◆ **Dataset section**:
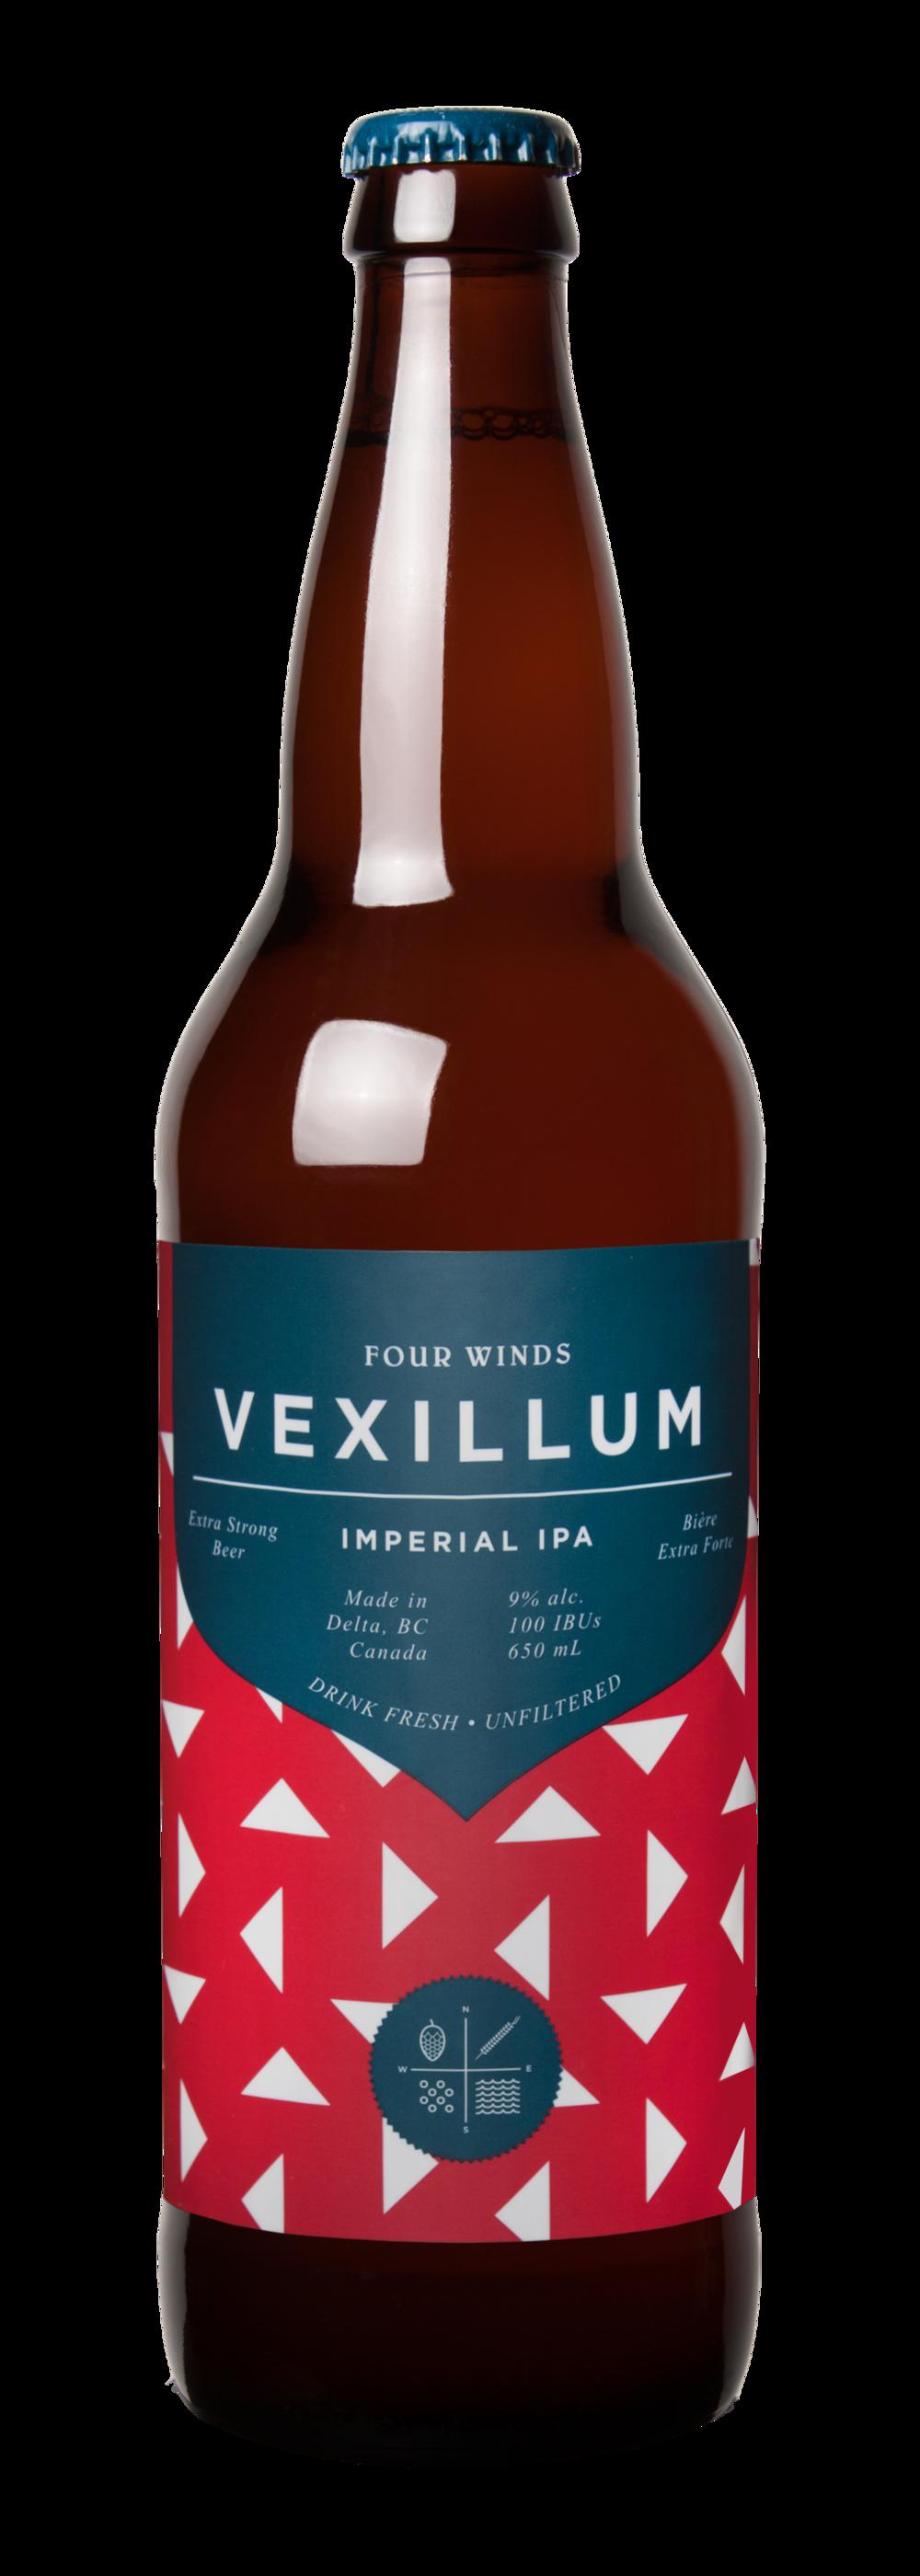 Imperial India Pale Ale — Northwest Beer Guide - Beer
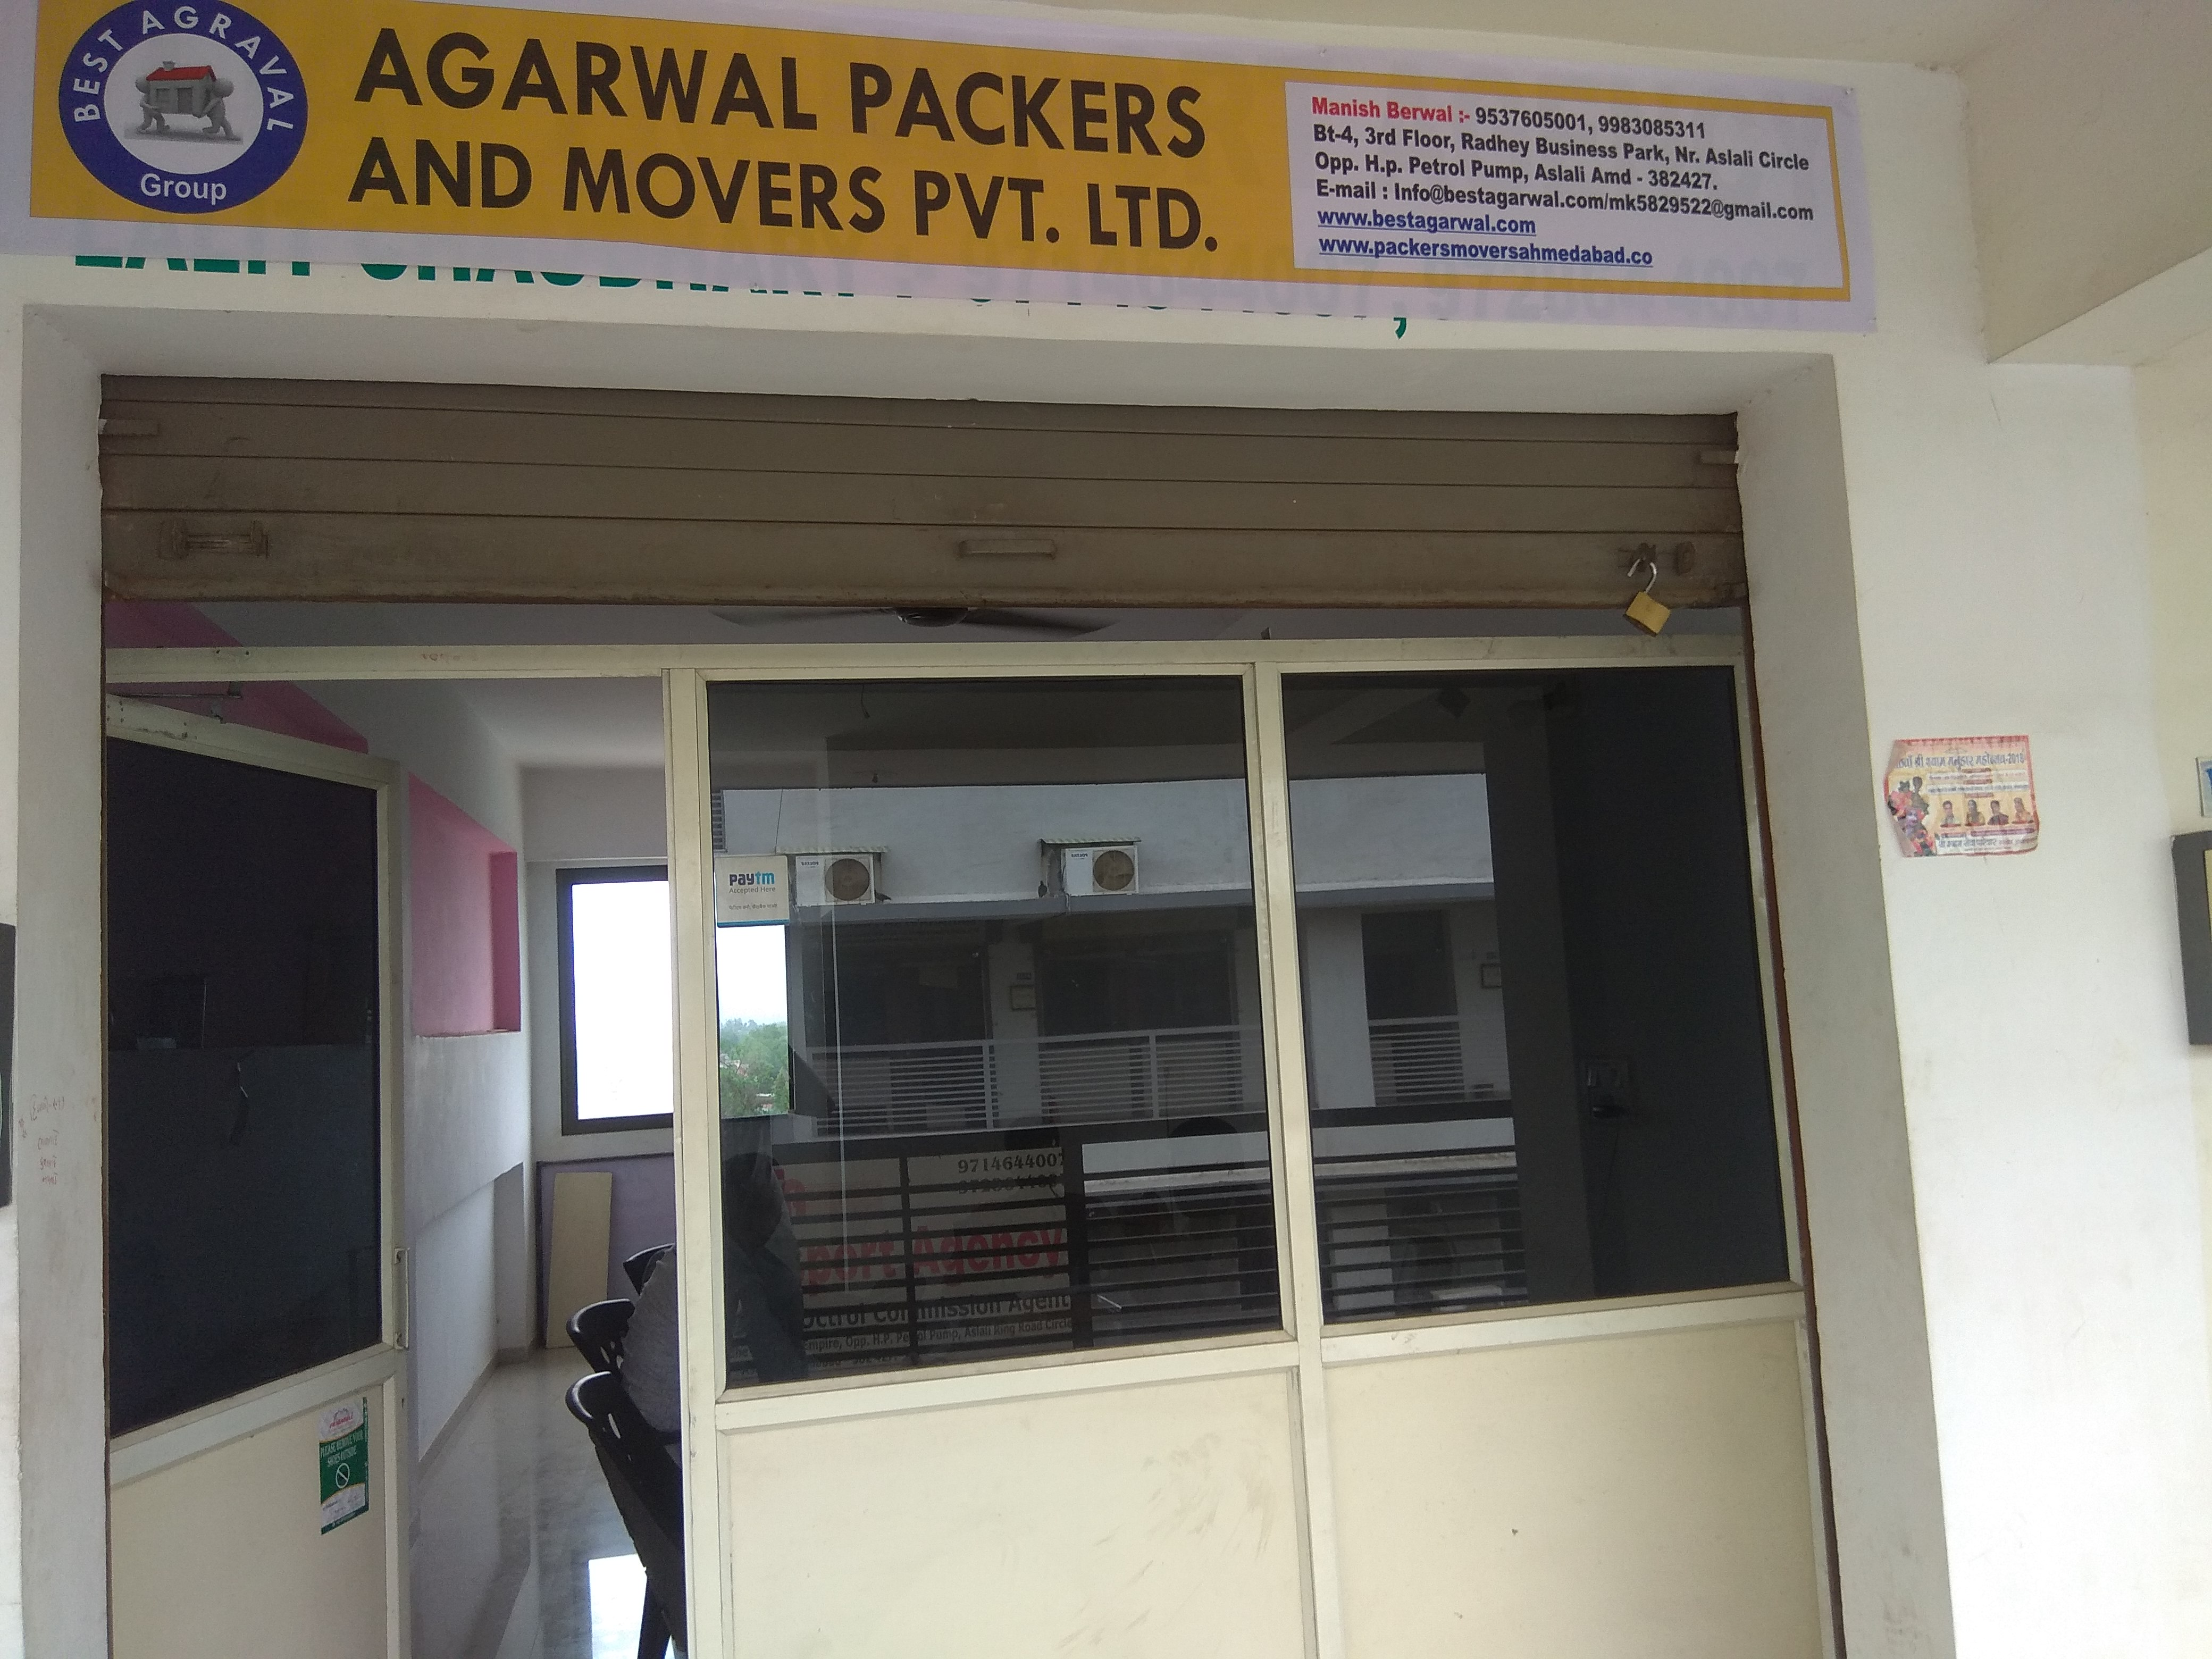 Agarwal Packers And Movers In Navrangpura Ahmedabad 382427 Sulekha Ahmedabad
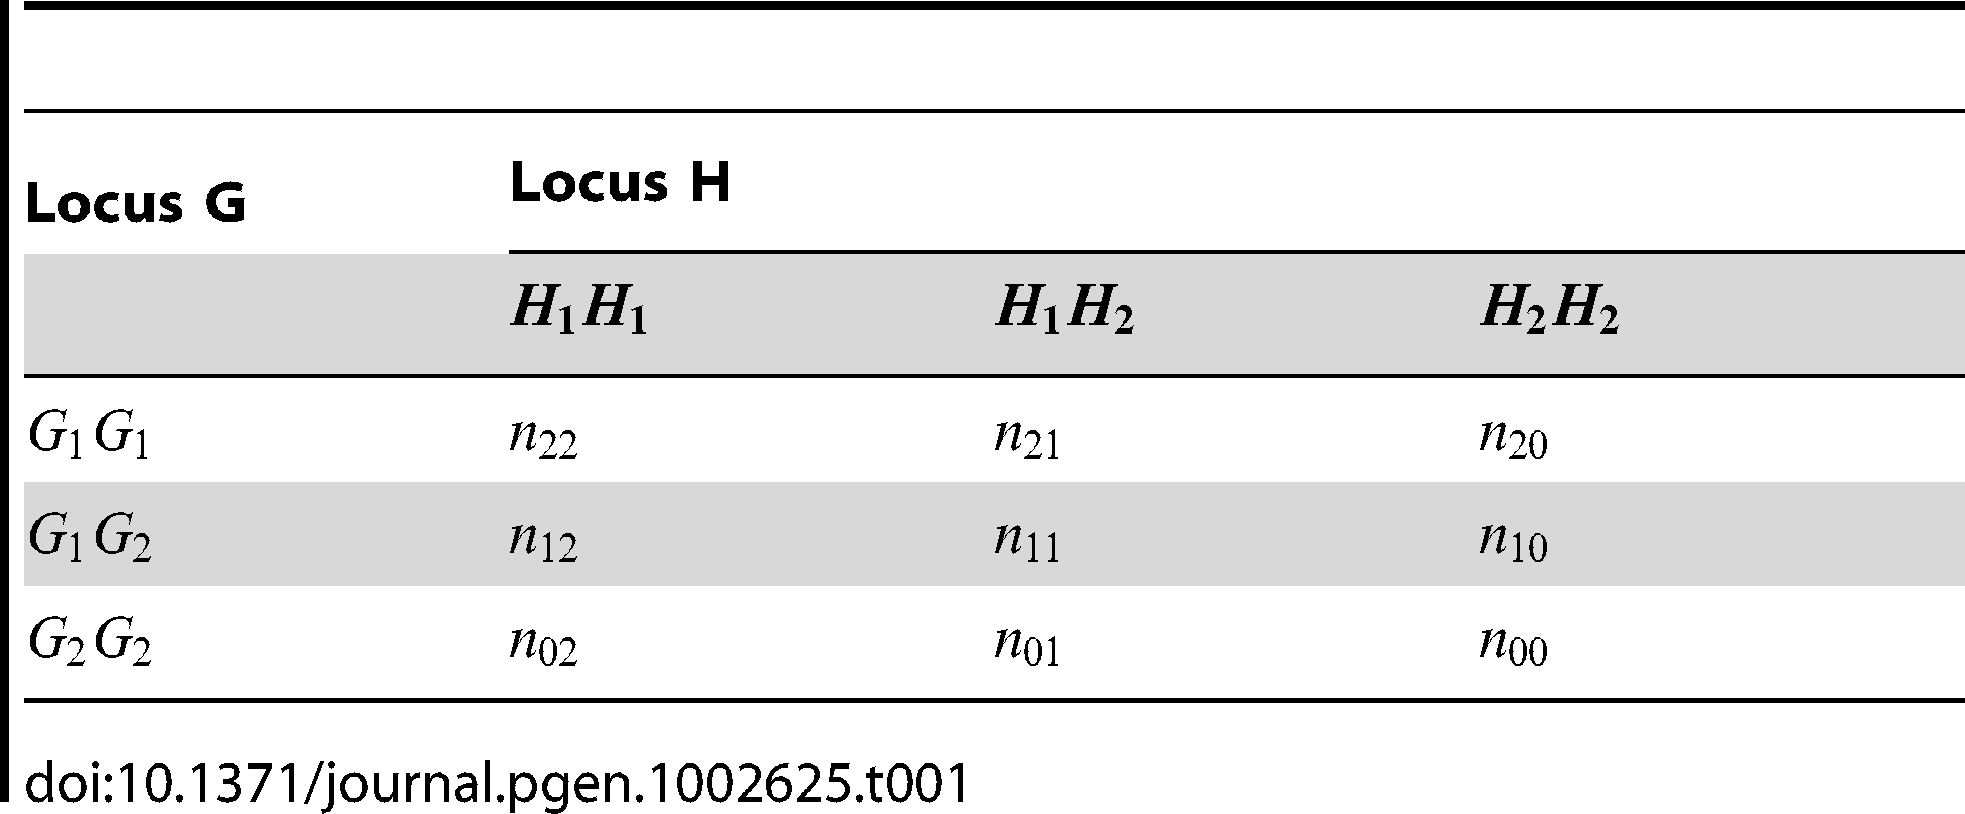 Multilocus genotype counts at two SNPs in a set of genotyped individuals.

◆ **Task to carry out**: Exclude the pictures. Write out the remaining data exactly.

◆ **Task solution**:
 Imperial India Pale Ale — Northwest Beer Guide - Beer
 Agarwal Packers And Movers In Navrangpura Ahmedabad 382427 Sulekha Ahmedabad
 Multilocus genotype counts at two SNPs in a set of genotyped individuals.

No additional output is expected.